§ **Dataset extract**
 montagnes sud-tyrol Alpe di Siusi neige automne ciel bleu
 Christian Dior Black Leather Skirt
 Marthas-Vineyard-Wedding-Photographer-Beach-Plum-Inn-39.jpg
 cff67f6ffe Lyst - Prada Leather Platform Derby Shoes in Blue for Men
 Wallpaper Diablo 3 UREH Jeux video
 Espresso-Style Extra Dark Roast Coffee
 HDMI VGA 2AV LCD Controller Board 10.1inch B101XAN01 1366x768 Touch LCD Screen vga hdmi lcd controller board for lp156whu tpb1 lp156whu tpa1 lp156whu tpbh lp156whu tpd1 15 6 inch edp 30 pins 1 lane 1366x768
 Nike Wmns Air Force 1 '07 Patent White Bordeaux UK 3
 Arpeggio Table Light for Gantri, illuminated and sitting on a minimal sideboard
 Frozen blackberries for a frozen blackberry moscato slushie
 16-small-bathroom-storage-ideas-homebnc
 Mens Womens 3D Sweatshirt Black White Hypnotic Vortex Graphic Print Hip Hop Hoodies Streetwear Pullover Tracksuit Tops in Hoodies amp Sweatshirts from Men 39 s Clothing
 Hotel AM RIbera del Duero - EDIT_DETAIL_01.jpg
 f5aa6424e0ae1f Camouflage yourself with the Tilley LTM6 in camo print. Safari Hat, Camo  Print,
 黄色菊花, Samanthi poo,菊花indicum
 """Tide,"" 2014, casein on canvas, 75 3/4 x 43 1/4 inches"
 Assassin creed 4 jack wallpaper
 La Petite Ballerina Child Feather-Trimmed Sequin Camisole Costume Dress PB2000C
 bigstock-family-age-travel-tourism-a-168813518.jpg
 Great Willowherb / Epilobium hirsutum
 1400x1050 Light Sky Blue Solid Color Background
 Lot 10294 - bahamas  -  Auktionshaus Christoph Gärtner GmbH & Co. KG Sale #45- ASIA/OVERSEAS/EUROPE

§ **Exercise details**
Begin with the first line of the records and reproduce each line as is, ending with the line that holds "Hotel AM RIbera".

§ **Task output**
 montagnes sud-tyrol Alpe di Siusi neige automne ciel bleu
 Christian Dior Black Leather Skirt
 Marthas-Vineyard-Wedding-Photographer-Beach-Plum-Inn-39.jpg
 cff67f6ffe Lyst - Prada Leather Platform Derby Shoes in Blue for Men
 Wallpaper Diablo 3 UREH Jeux video
 Espresso-Style Extra Dark Roast Coffee
 HDMI VGA 2AV LCD Controller Board 10.1inch B101XAN01 1366x768 Touch LCD Screen vga hdmi lcd controller board for lp156whu tpb1 lp156whu tpa1 lp156whu tpbh lp156whu tpd1 15 6 inch edp 30 pins 1 lane 1366x768
 Nike Wmns Air Force 1 '07 Patent White Bordeaux UK 3
 Arpeggio Table Light for Gantri, illuminated and sitting on a minimal sideboard
 Frozen blackberries for a frozen blackberry moscato slushie
 16-small-bathroom-storage-ideas-homebnc
 Mens Womens 3D Sweatshirt Black White Hypnotic Vortex Graphic Print Hip Hop Hoodies Streetwear Pullover Tracksuit Tops in Hoodies amp Sweatshirts from Men 39 s Clothing
 Hotel AM RIbera del Duero - EDIT_DETAIL_01.jpg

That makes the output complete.